ALL power stations in the Latrobe Valley might be shut down well before 2047 or even 2045, as the official target date for the last of the region’s big polluters, owned by Alinta Energy, Loy Yang B (capacity of 1070 MW), to close.
The Energy Australia-owned Yallourn power station (capacity 1480 MW)is scheduled to close by 2028 and the AGL-owned Loy Yang A (capacity of 2210 MW) by June 30, 2035.
Between them, the two Loy Yangs provide 50 per cent of the state’s electricity requirements.
Loy Yang A also serves as the mainland connection point for the Basslink electricity interconnector cable which runs under Bass Strait, connecting it to the George Town sub-station in northern Tasmania.
The Premier Daniel Andrews was asked, during a visit to Wonthaggi on Friday, to explain how he could reconcile a commitment that 95% of Victoria's electricity will be generated by renewable energy by 2035, repeated in the government’s ‘Climate Action Update’ May 2023, and still keep Loy Yang B open until 2047.
“It’s a privately owned company, so you’ll have to ask them, but how they plan to stay open when they rely on coal from a mine owned by someone else is a matter for them,” Premier Andrews said.
AGL owns the coal mine used by both Loy Yangs.
“They have not announced an earlier date, but they are on record as saying it may be closing earlier,” Mr Andrews said.
“We’ve got to close these old clunkers, and that’s no reflection on the people who work there.

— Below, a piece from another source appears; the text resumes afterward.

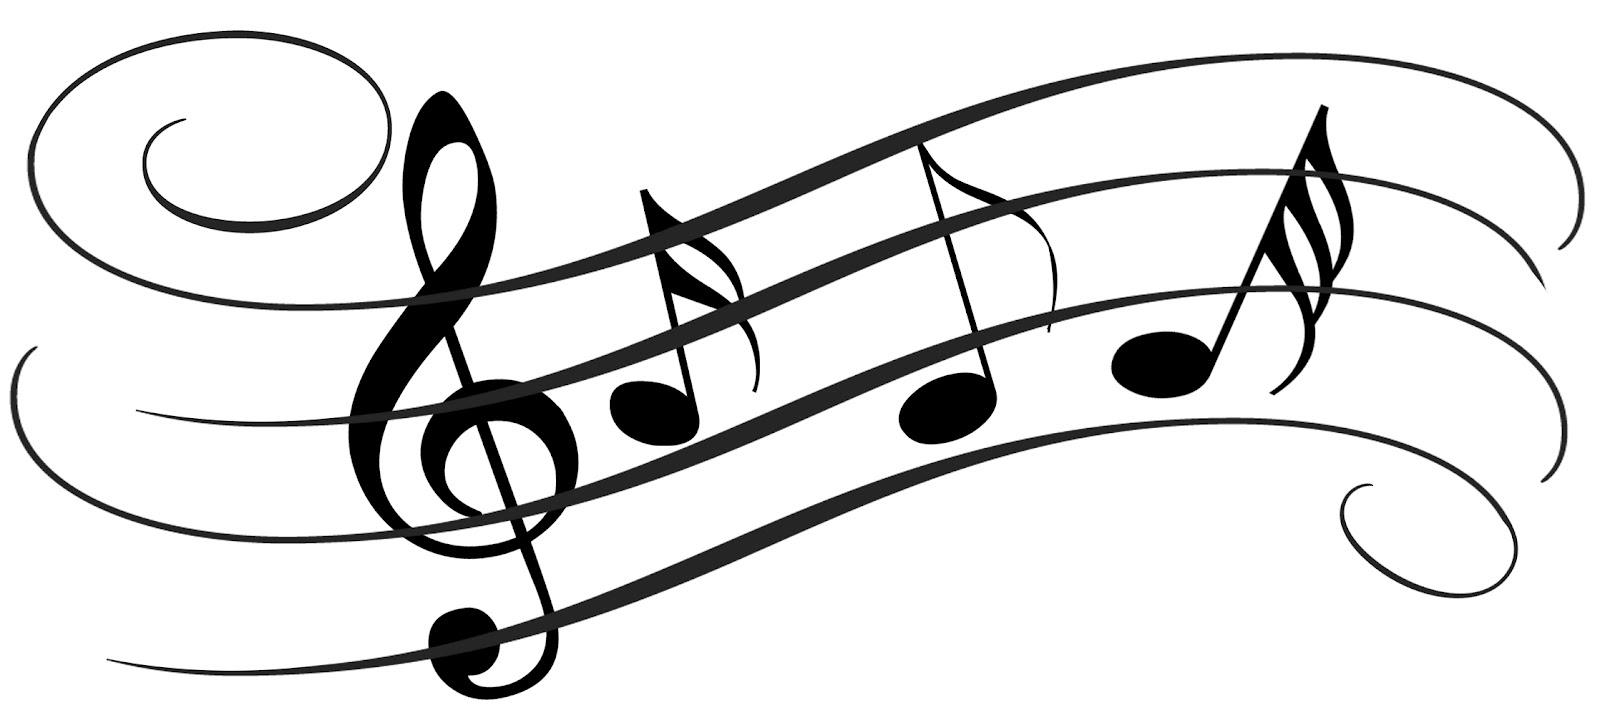 Music Silhouette Clip Art.

We are going to support them with jobs in renewable energy, but these businesses can’t get finance to redevelop. They can barely raise capital for maintenance.”

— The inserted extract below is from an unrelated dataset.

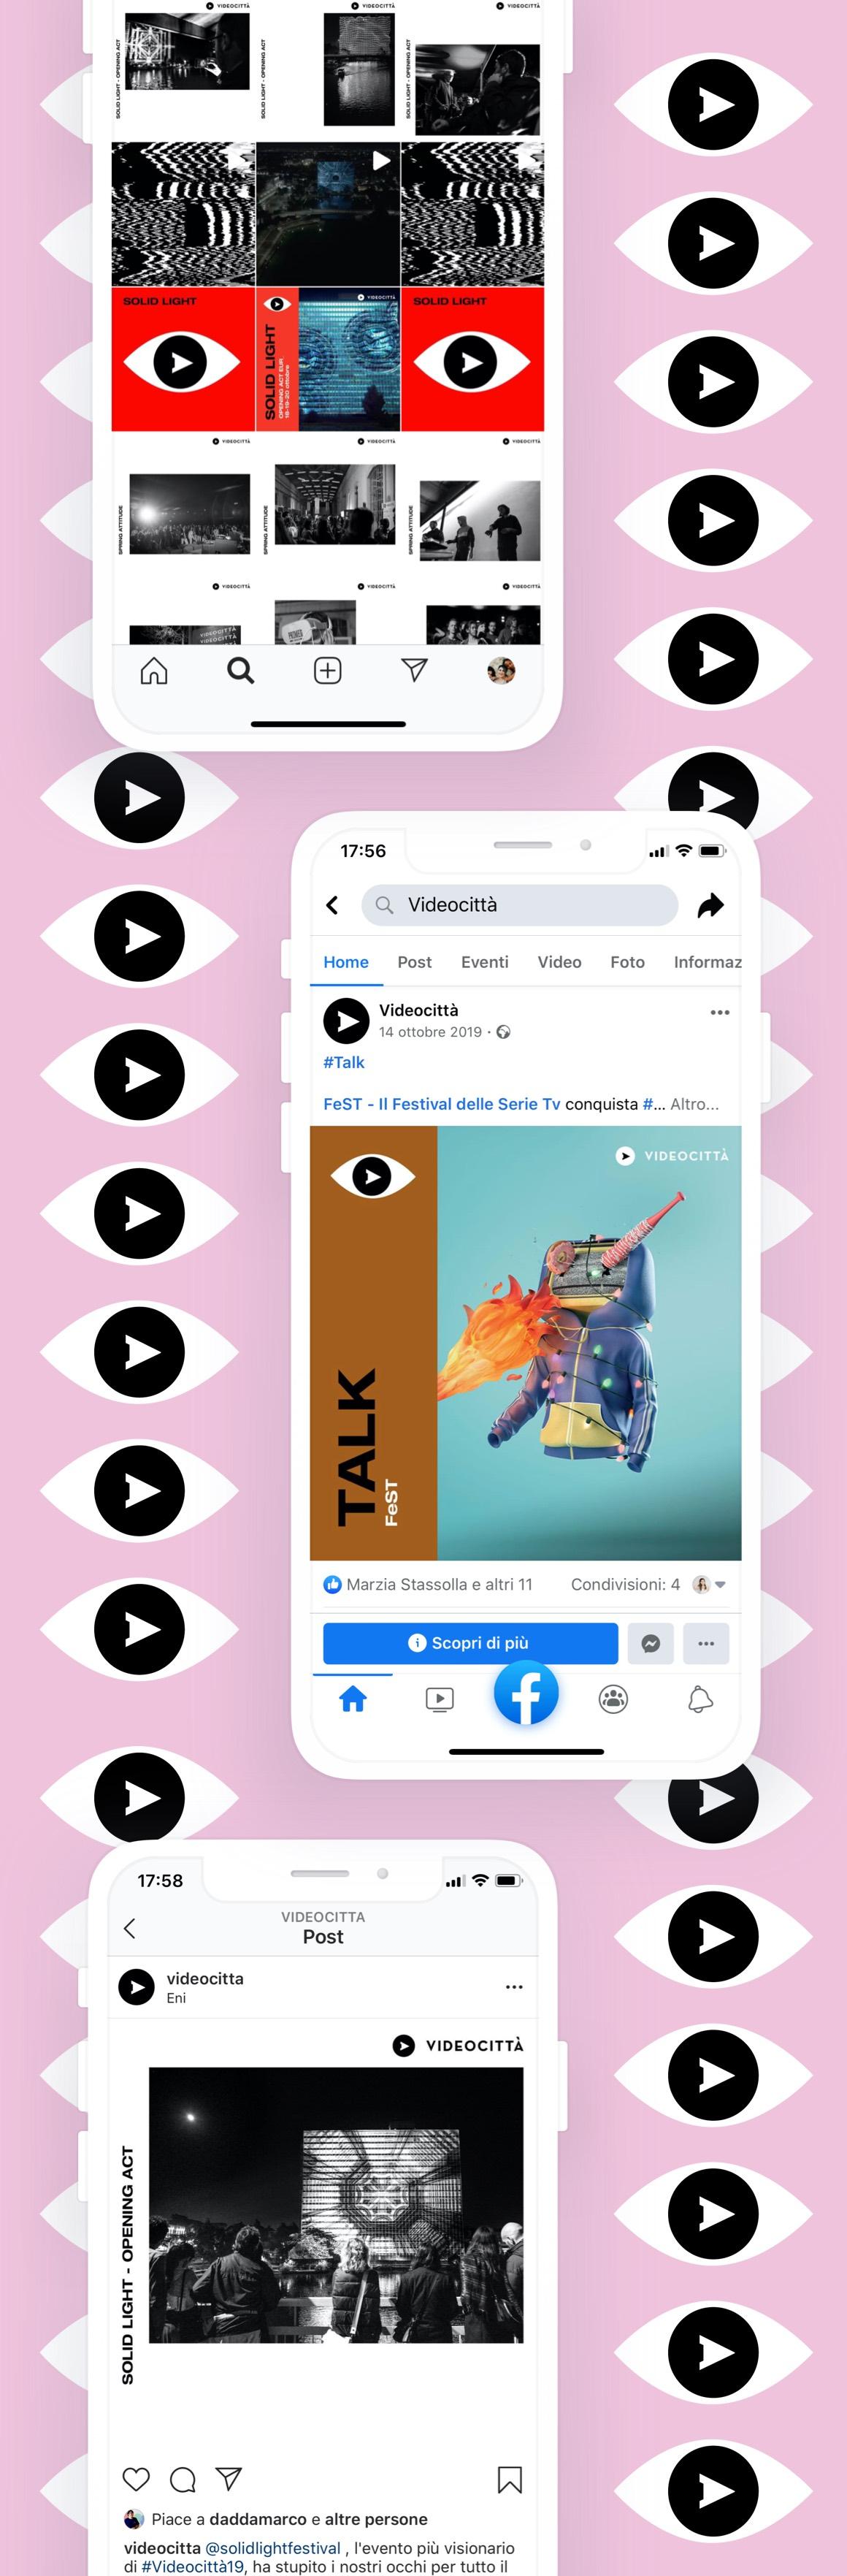 videocittà mockup iphone post social media mobile

He said that the new SEC would have a key role in providing reliable power for Victoria and he expected there to be announcements about that in the near future.

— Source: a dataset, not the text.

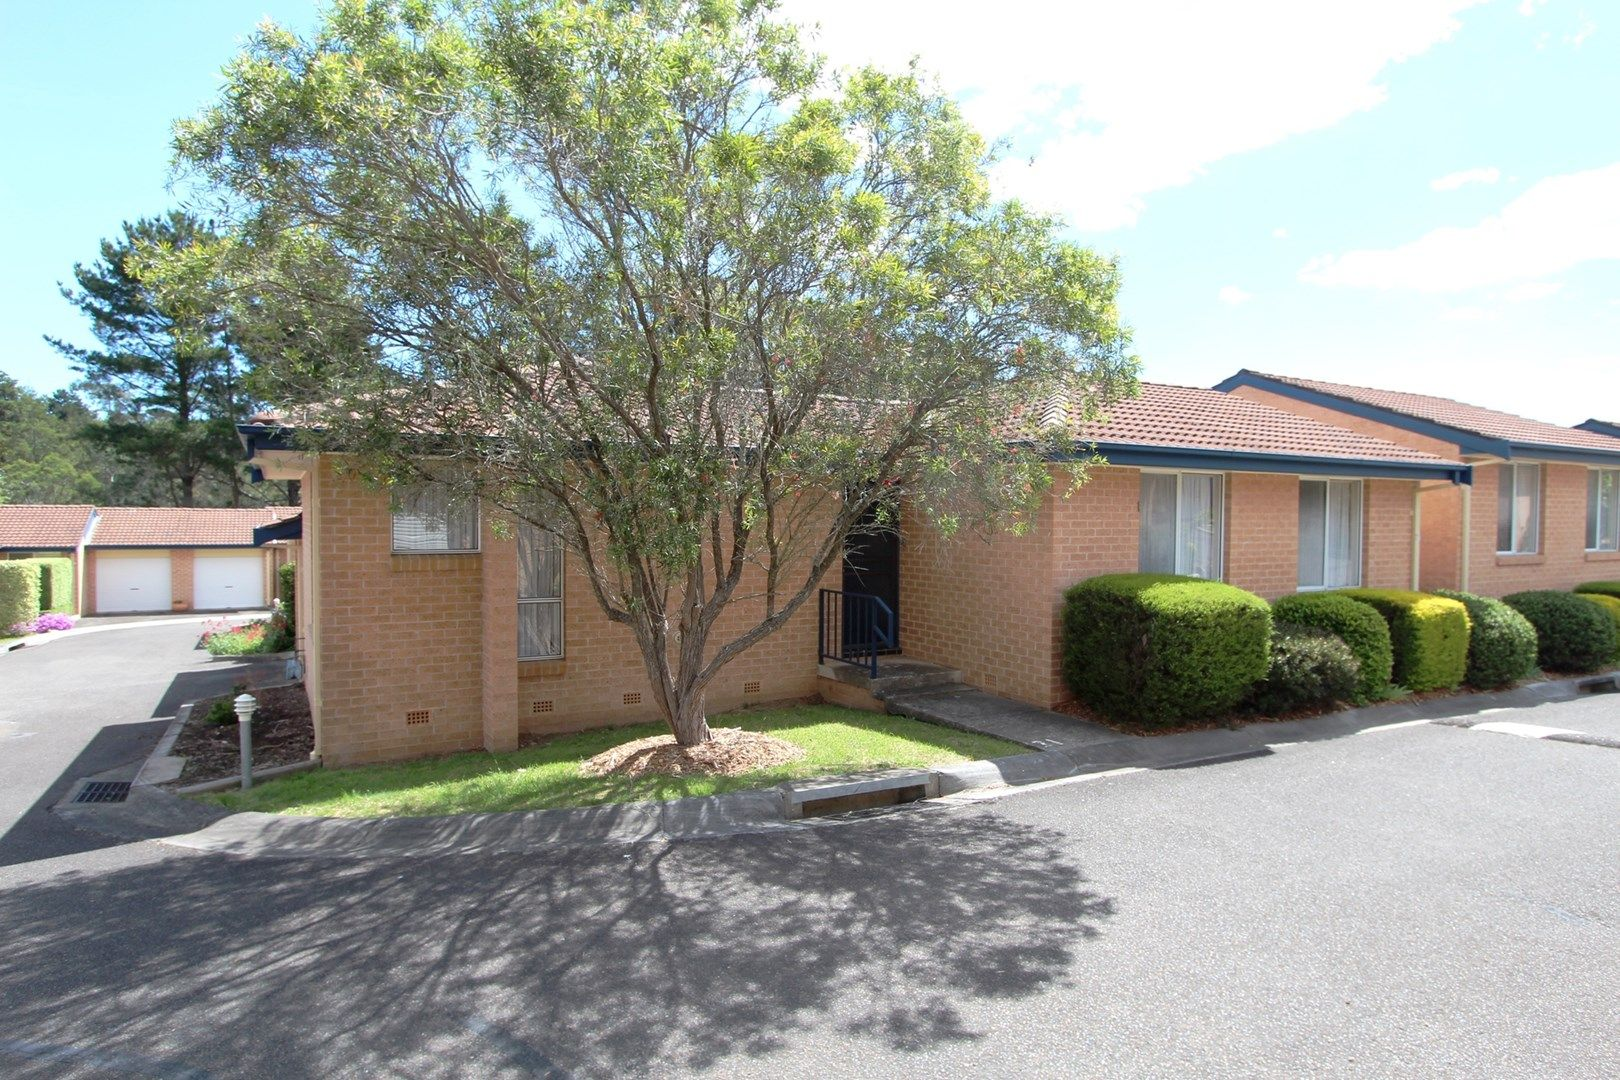 21/61 Kirkham Street, Moss Vale NSW 2577, Image 0

The SEC wasn’t about profits, he said, but about service and power, and that there would be more to say about that soon.
Alinta Energy, the owner of Loy Yang B, has previously announced an intention to operate it until 2047. However, the state government has announced a target that 95% of Victoria's electricity will be generated by renewable energy by 2035. It would be impossible to meet this target if Loy Yang B continued to operate in its present form.
The state recently set new renewable energy targets, increasing to 65 per cent by 2030, and 95 per cent by 2035.
They’ve also set an emissions reduction target of 75-80 per cent by 2035, and will bring forward the state’s net zero emissions target by five years to 2045 – the most ambitious of any mainland state.